#PySpark – Convert array column to a String

---

**In this PySpark article, I will explain how to convert an array of String column on DataFrame to a String column (separated or concatenated with a comma, space, or any delimiter character) using PySpark function concat_ws() (translates to concat with separator), and with SQL expression using Scala example.**

**When curating data on DataFrame we may want to convert the Dataframe with complex struct datatypes, arrays and maps to a flat structure. here we will see how to convert array type to string type.**

**Before we start, first let’s create a DataFrame with array of string column.**

In [0]:
columns = ["name","languagesAtSchool","currentState"]

data = [("James,,Smith",["Java","Scala","C++"],"CA"), \
    ("Michael,Rose,",["Spark","Java","C++"],"NJ"), \
    ("Robert,,Williams",["CSharp","VB"],"NV")]

df = spark.createDataFrame(data=data, schema=columns)
df.printSchema()
df.show(truncate=False)

root
 |-- name: string (nullable = true)
 |-- languagesAtSchool: array (nullable = true)
 |    |-- element: string (containsNull = true)
 |-- currentState: string (nullable = true)

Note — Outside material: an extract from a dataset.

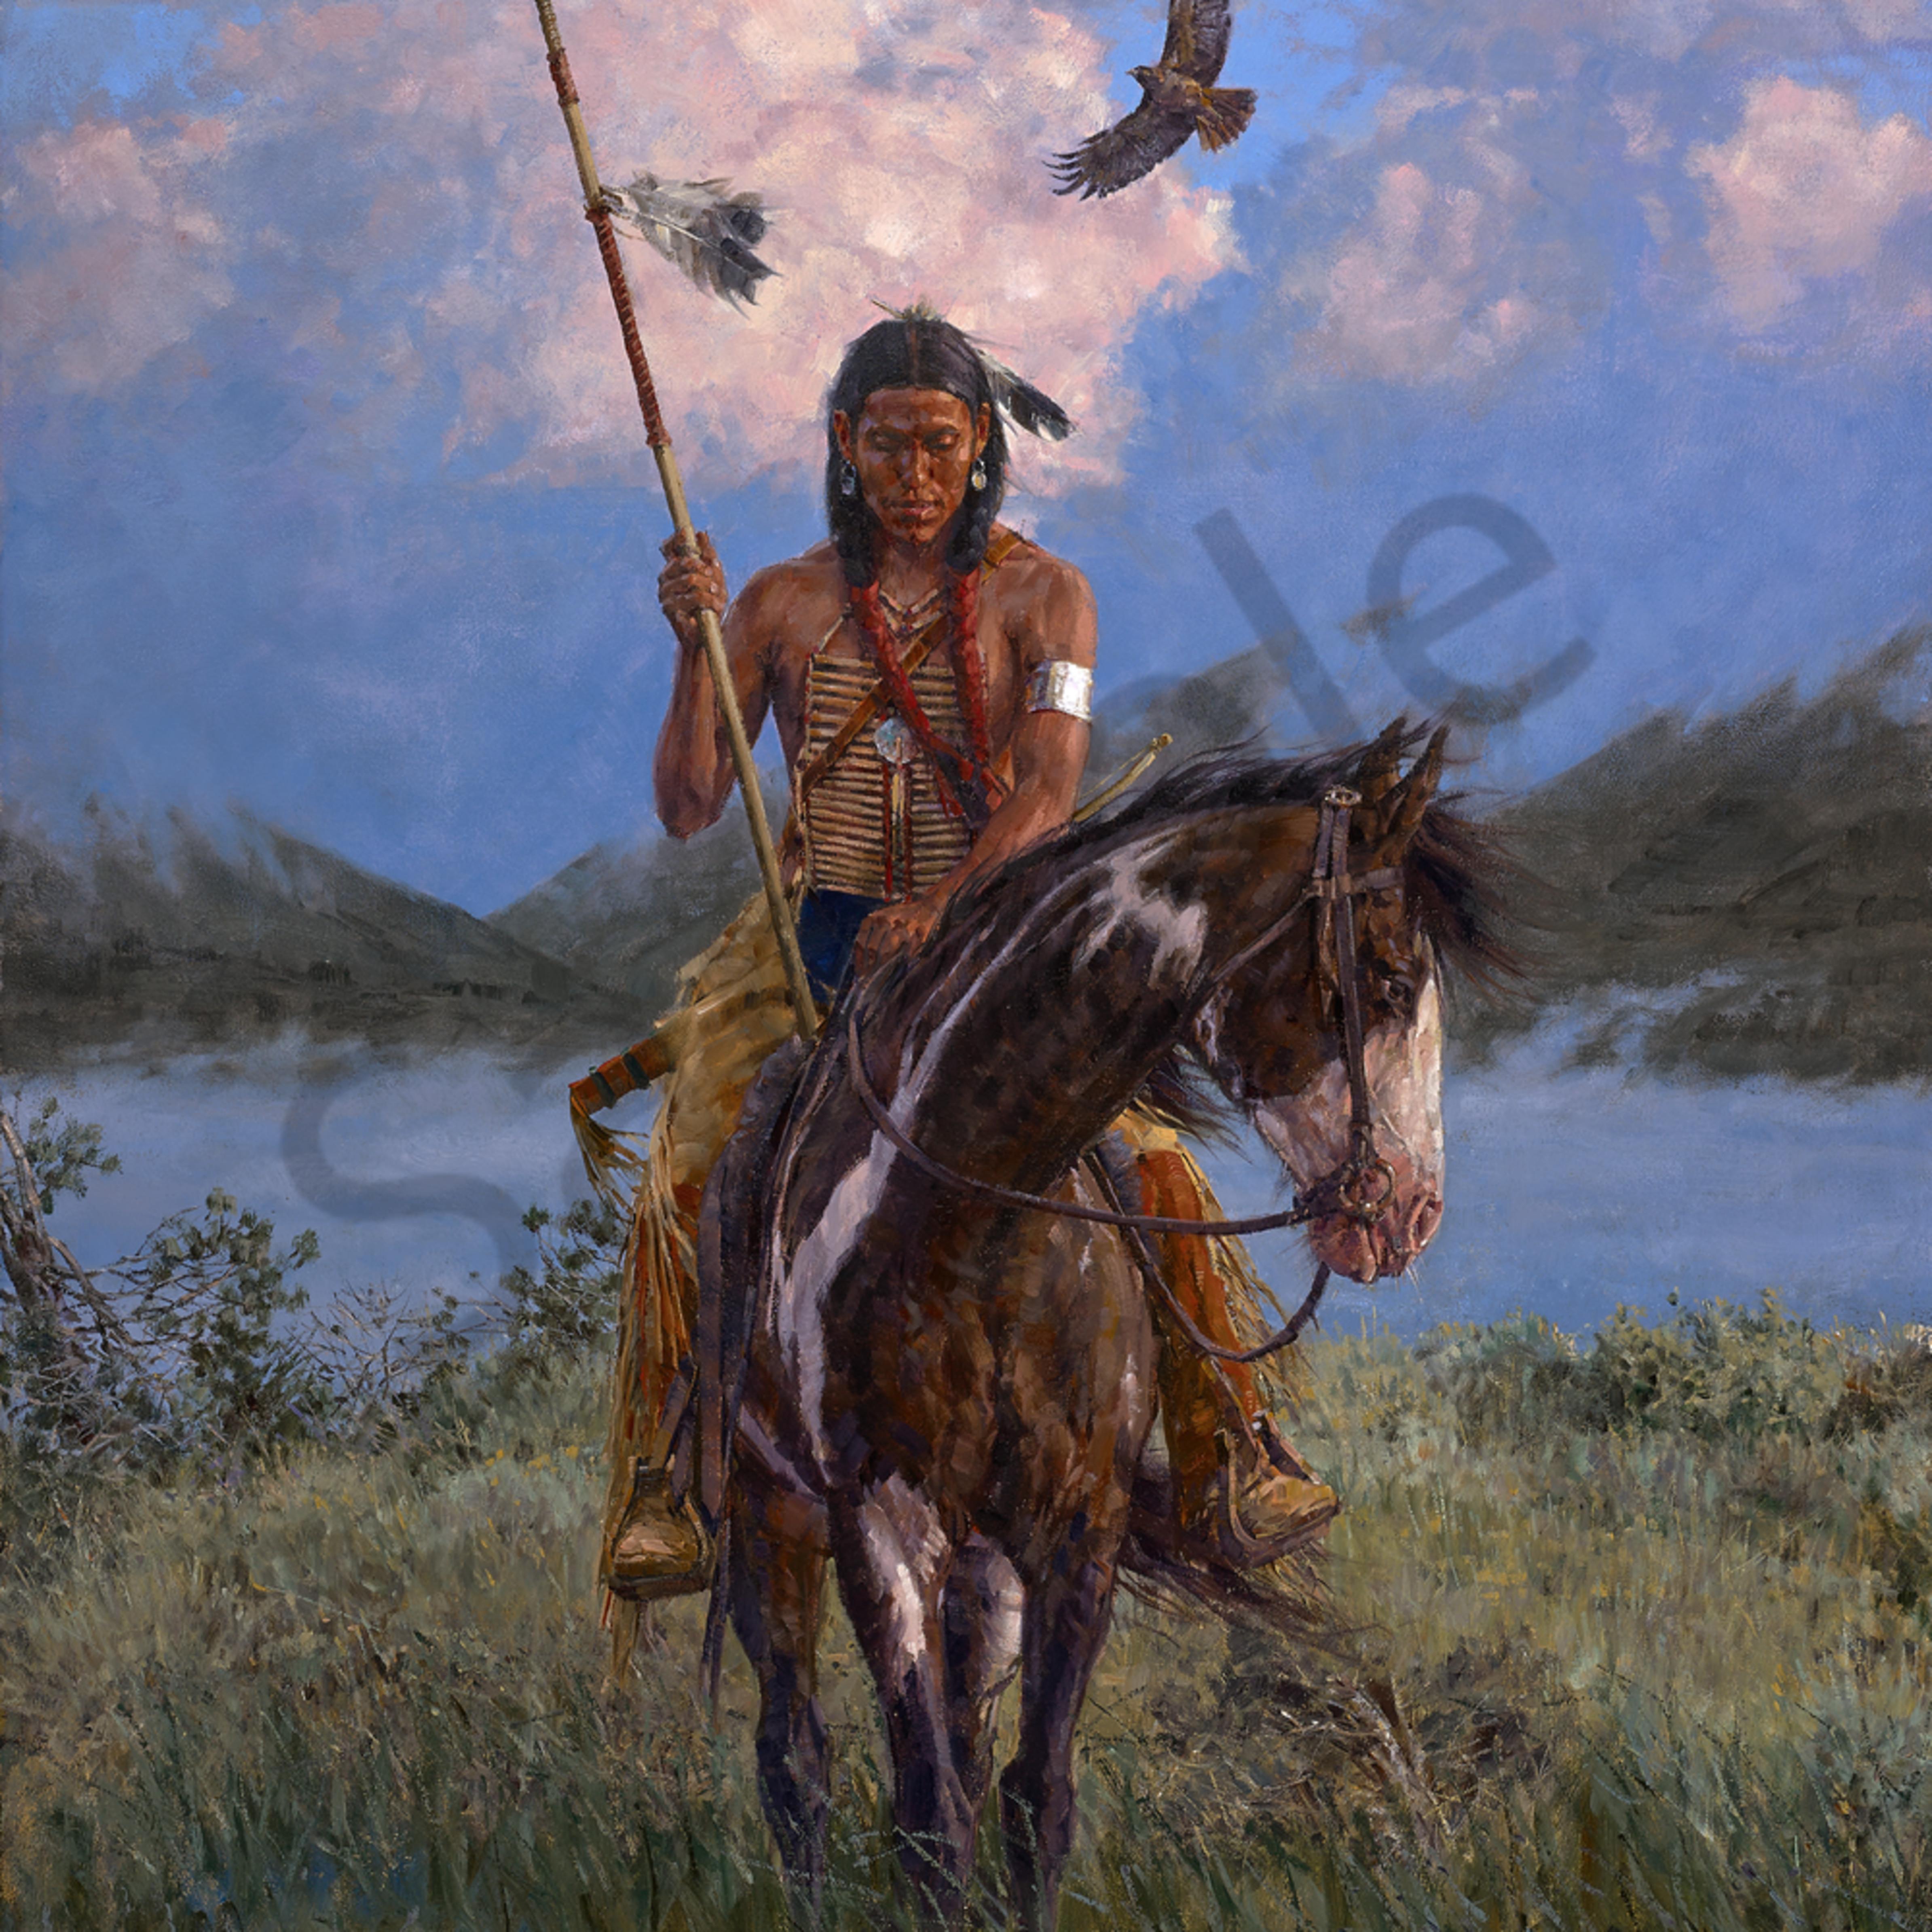 Mythic warrior copy 2 q0zp0y

+----------------+------------------+------------+
|name            |languagesAtSchool |currentState|
+----------------+------------------+------------+
|James,,Smith    |[Java, Scala, C++]|CA          |
|Michael,Rose,   |[Spark, Java, C++]|NJ          |
|Robert,,Williams|[CSharp, VB]      |NV          |
+----------------+------------------+------------+



**In this example “languagesAtSchool” is a column of type array. In the next section, we will convert this to a String. This example yields below schema and DataFrame.**

---

##Convert an array of String to String column using concat_ws()

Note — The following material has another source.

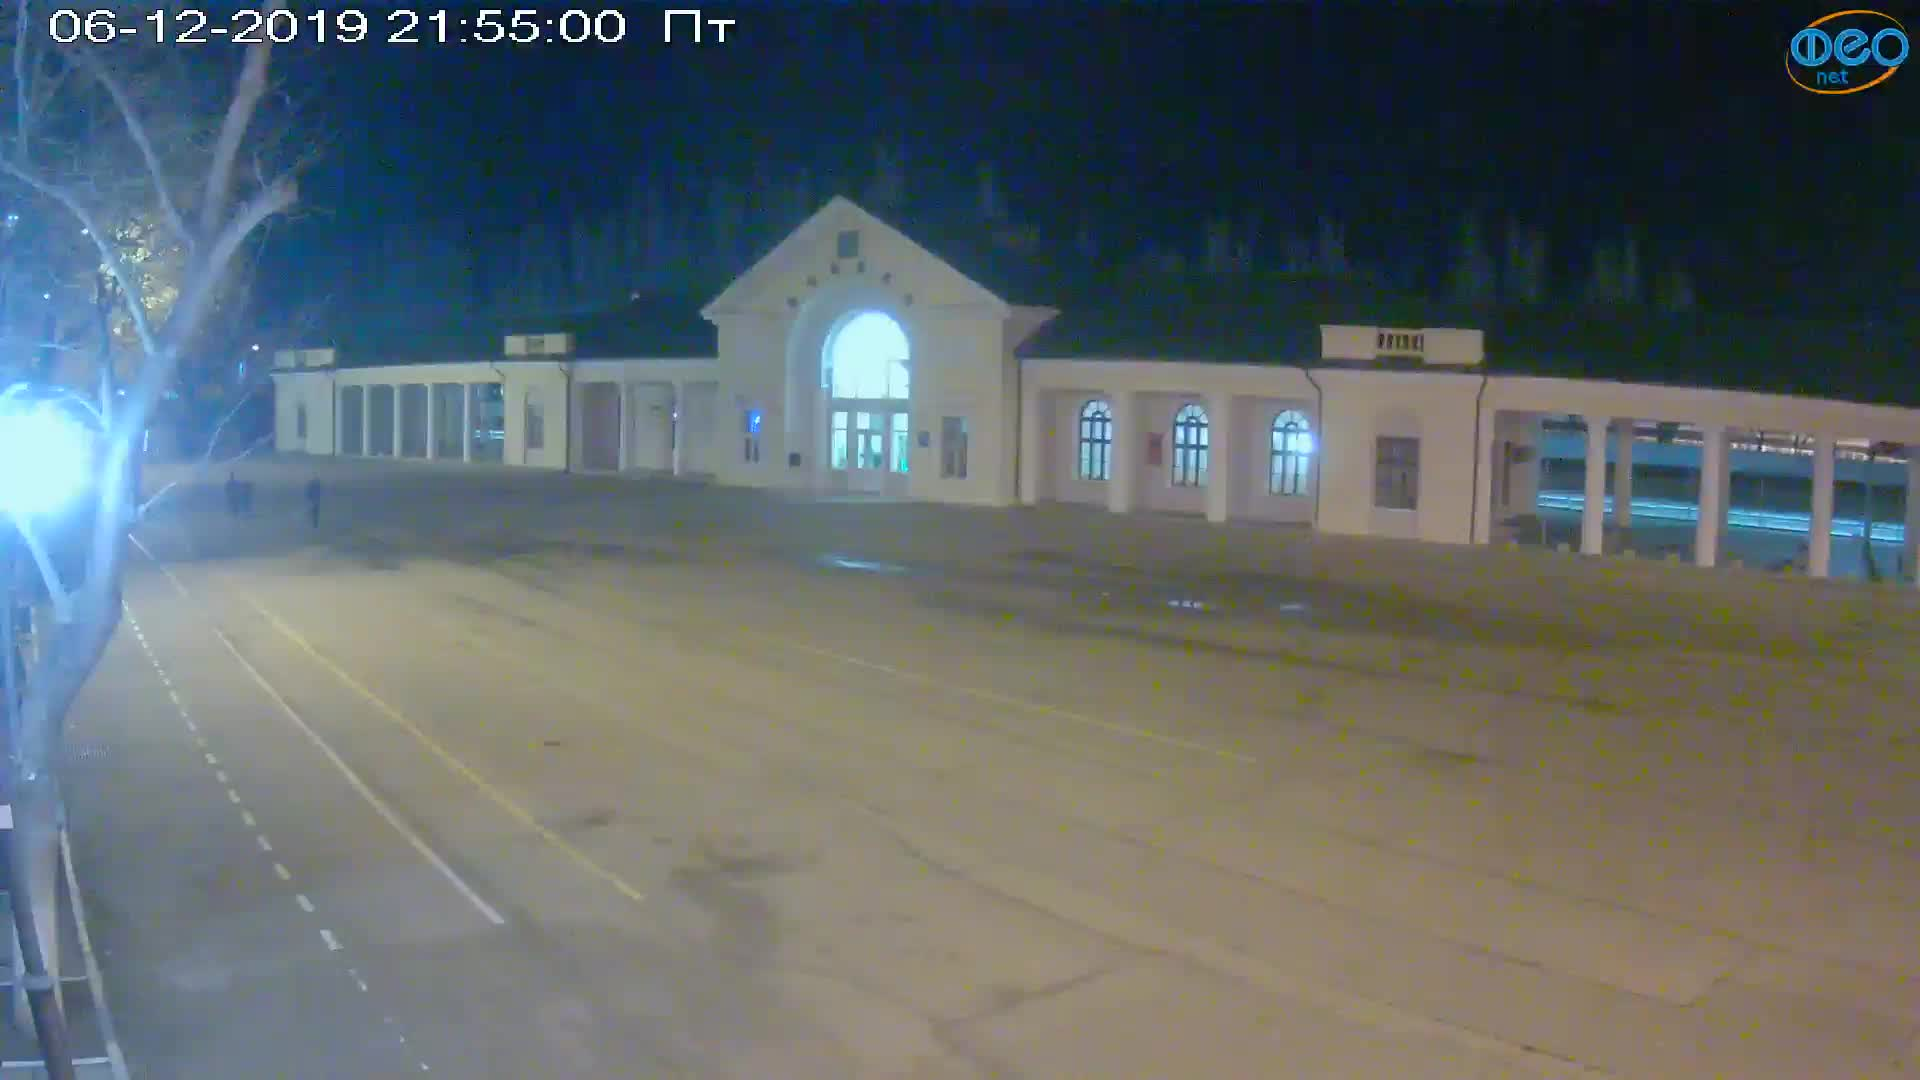 Веб-камеры Феодосии, Привокзальная площадь, 2019-12-06 21:55:22

**In order to convert array to a string, PySpark SQL provides a built-in function concat_ws() which takes delimiter of your choice as a first argument and array column (type Column) as the second argument.**


---


##Syntax

##concat_ws(sep, *cols)

---


###Usage

**In order to use concat_ws() function, you need to import it using pyspark.sql.functions.concat_ws . Since this function takes the Column type as a second argument, you need to use col().**

In [0]:
from pyspark.sql.functions import col, concat_ws

In [0]:
df2 = df.withColumn("languagesAtSchool", concat_ws(",", col("languagesAtSchool")))

df2.printSchema()
df2.show(truncate=False)

root
 |-- name: string (nullable = true)
 |-- languagesAtSchool: string (nullable = false)
 |-- currentState: string (nullable = true)

+----------------+-----------------+------------+
|name            |languagesAtSchool|currentState|
+----------------+-----------------+------------+
|James,,Smith    |Java,Scala,C++   |CA          |
|Michael,Rose,   |Spark,Java,C++   |NJ          |
|Robert,,Williams|CSharp,VB        |NV          |
+----------------+-----------------+------------+



##Using PySpark SQL expression


**You can also use concat_ws() function with SQL expression.**

In [0]:
df.createOrReplaceTempView("ARRAY_STRING")
spark.sql(" select name, concat_ws(',', languagesAtSchool) as languagesAtSchool, "+\
         "currentState from ARRAY_STRING")\
.show(truncate=False)

+----------------+-----------------+------------+
|name            |languagesAtSchool|currentState|
+----------------+-----------------+------------+
|James,,Smith    |Java,Scala,C++   |CA          |
|Michael,Rose,   |Spark,Java,C++   |NJ          |
|Robert,,Williams|CSharp,VB        |NV          |
+----------------+-----------------+------------+